The DS-10 sound does not espouse technical merit, it is about listening to music and enjoying it."
I auditioned ethernet cables at several price points, but the Final Touch Audio Matis, while certainly not an modestly priced option, allowed more low-level signal detail, rhythmic drive and timbral bloom through than anything else I had. In the time since I had the DS-10 in for review, Gold Note has come out with the PSU-10 EVO dedicated power supply that features “dual-choke technology,” and a “Multi cascade design with 4 transformers.” The company claims “Our proprietary technology removes impurity and interference from the AC power system.” Online pricing for the PSU-10 is $1,299 USD. I found the DS-10 provided an exceptionally black background with the setup I was using, but for power purists who want to double their box count that option is available.
Once I had a good handle on what the DS-10 was bringing to the table without any filter options (straight, as it were), I started to experiment with the filter/EQ/output options. I didn’t go nuts, I just methodically adjusted each setting in grouped increments and ended up utilising equalisation curve (low pass filter) set to “3,” the high-frequency de-emphasis, set to “2,” and the internal power profile set to “6.” You could literally spend months messing around with these settings, but I was more than satisfied with the results I gleaned in about an hour of back-and-forth with a few reference songs which I used for the review. I connected via Bluetooth for Spotify listening off my phone and laptop without issue, but only for casual listening.
Straight settings - no presets:
The DS-10 sound does not espouse technical merit, it is about listening to music and enjoying it. While one can drill down on sonic minutiae, that doesn’t always convey the overall picture. This is a captivating music playback device that can be listened to for hours without fatigue (the limiting factor is headphone comfort, not the amp). The overall sound is broad-bandwidth with believable impact to bass notes, a fleshed-out midrange and acceptably-extended treble. Depending on the recording, at times the highest-frequency peaks did flatten out a bit, although they never went dry. I’ve heard a more liquid top end through the LTA MicroZOTL MZ3, but that was with a much higher-priced totaldac d1-direct separate feeding it. Of note, there was never any perceived strain through the DS-10. It let me know the amp section had headroom and wasn’t running out of steam. On Marcel Fengler’s album Fokus, the DS-10 showed a capable hand at balancing the deep, driving bass lines and breaks with authentic spatial ambience up top.
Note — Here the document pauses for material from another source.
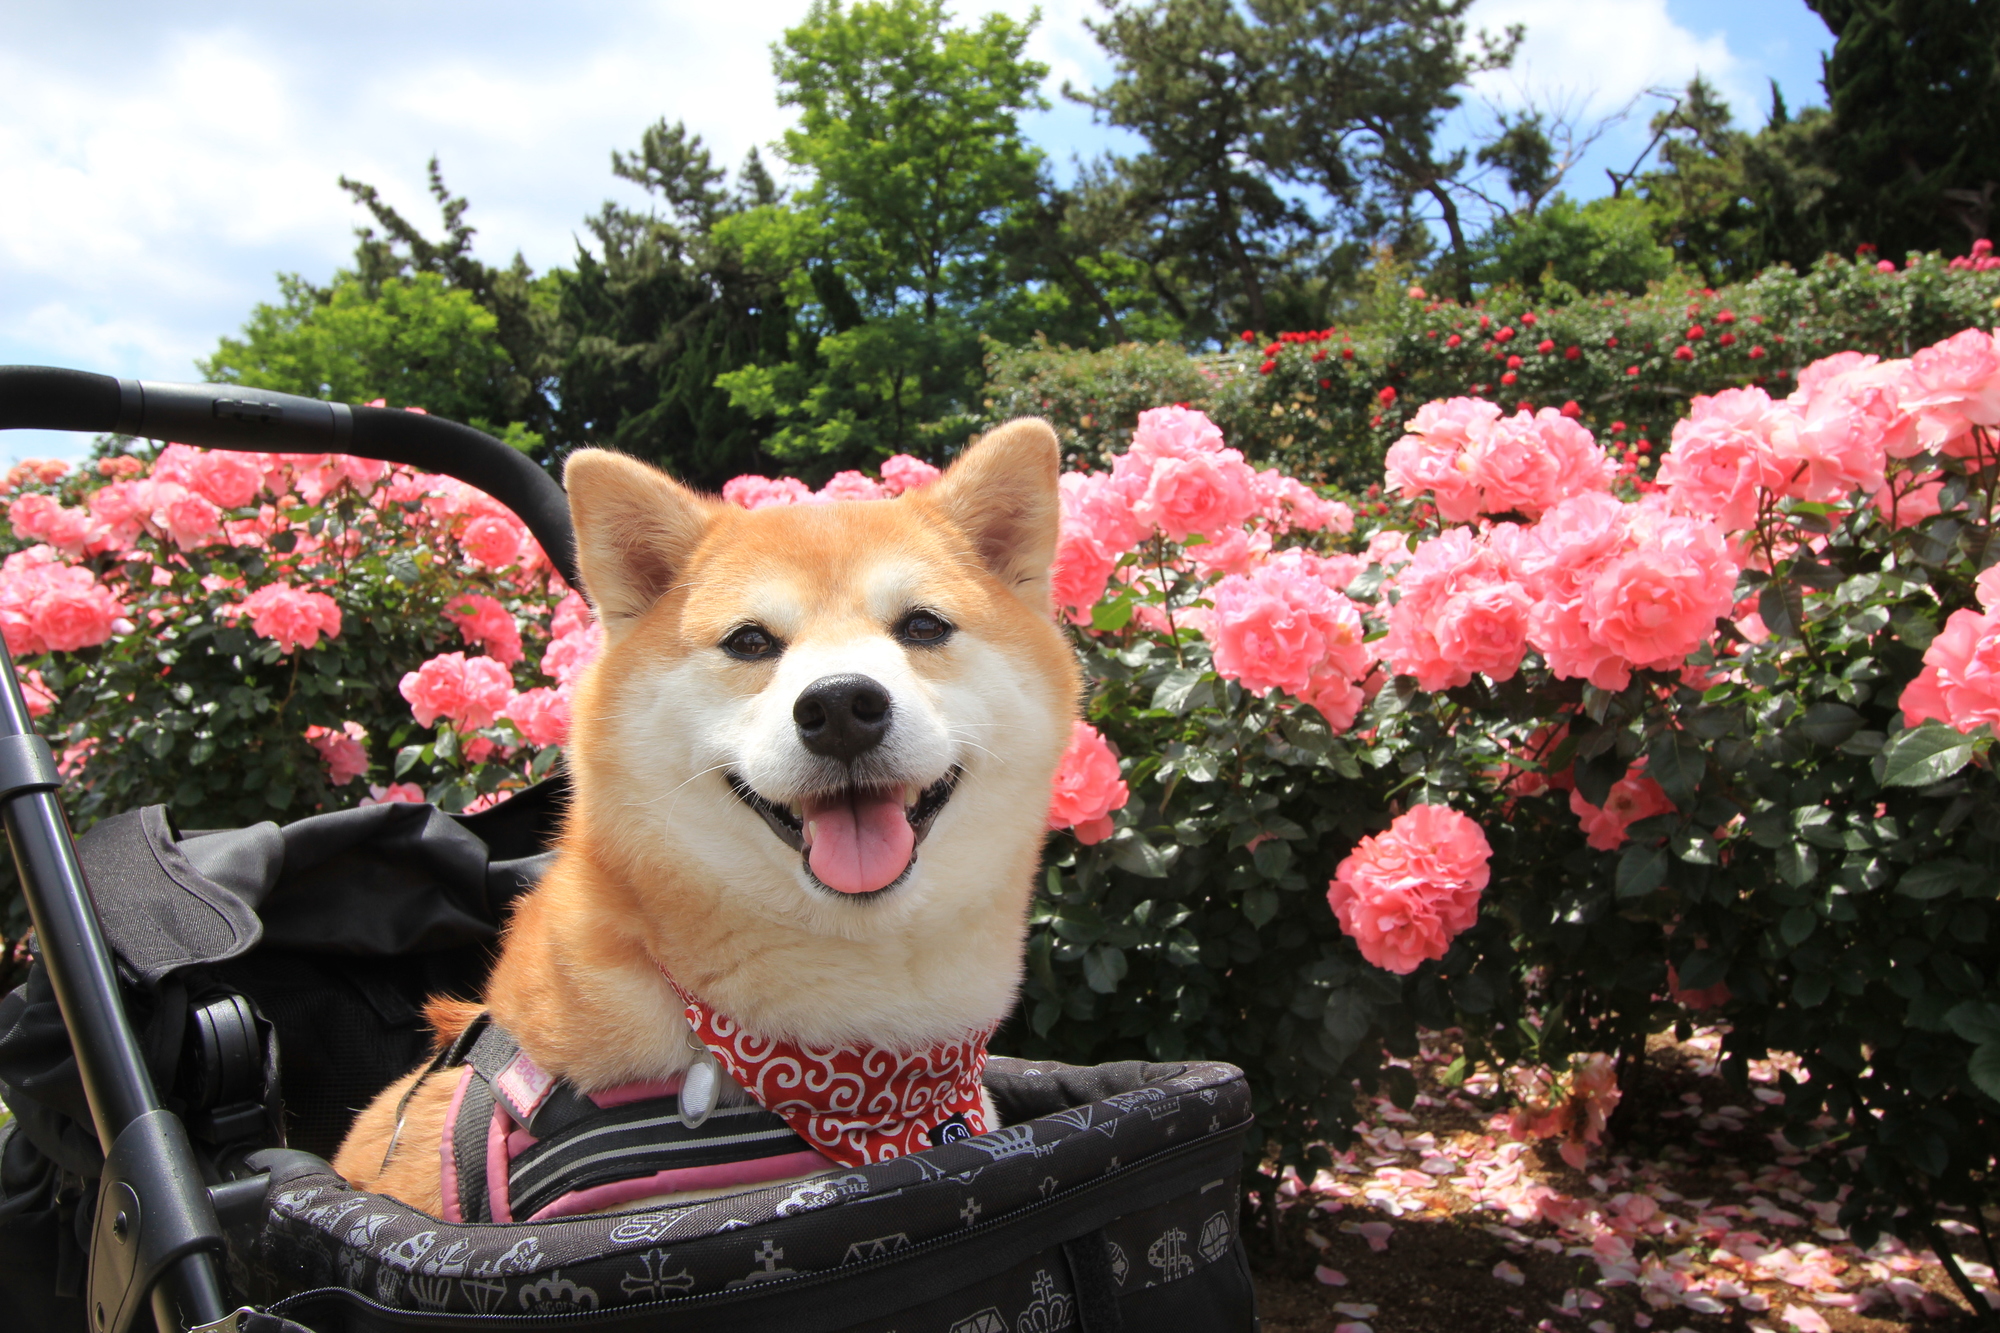 19年版 関東エリア 愛犬と一緒に楽しめる春のバラ園 ローズガーデン特集 愛犬との旅行ならイヌトミィ

Bruce Springsteen’s “Born To Run” is mid-‘70s U.S. teen-anthemic rock at its finest. The LP of the same name is infused with an untamed, romanticised, full-throated roar, but by Springsteen’s own admittance was “the album where I left behind my adolescent definitions of love and freedom.” All about dynamic swings, slam, speed and inexorable musical buildup and release, this is a cathartic album to listen through. With the DS-10 one gets the feeling that higher volume isn’t the answer, yet the songs beg for more grunt. With treble slightly flattened-out and compressed, I’m left feeling a wee bit dissatisfied after hearing the first few tracks – the DS-10 wasn’t doing anything wrong, it just wasn’t translating that last 10 per cent of the punch and emotional gut-check I know the whole album is capable of producing.
Growing up in Canada, six-hour road trips for summer vacation, spring break, etc. are a requisite. It’s a sprawling parliamentary mosaic of almost every type of geography. Trips would always involve mix cassettes my father would make specifically for driving long distances. They would have songs like “In A Big Country” by Scottish band Big Country, and were our soundtrack to the endless ribbon of sky meeting tree tops that rolled by the car window. “In A Big Country” always invokes historical vignettes from those childhood trips and the feeling of vast space and possibility. So, I listen to it to be transported. Through the DS-10 what I was hearing didn’t quite get me all the way there. A little rolled off for my tastes at the frequency extremes, but what tradeoff for this – midband? Spatial bloom? Yes, somewhat. Imaging is rather tight and focused in a sphere behind my eyes, but I want a bigger sphere.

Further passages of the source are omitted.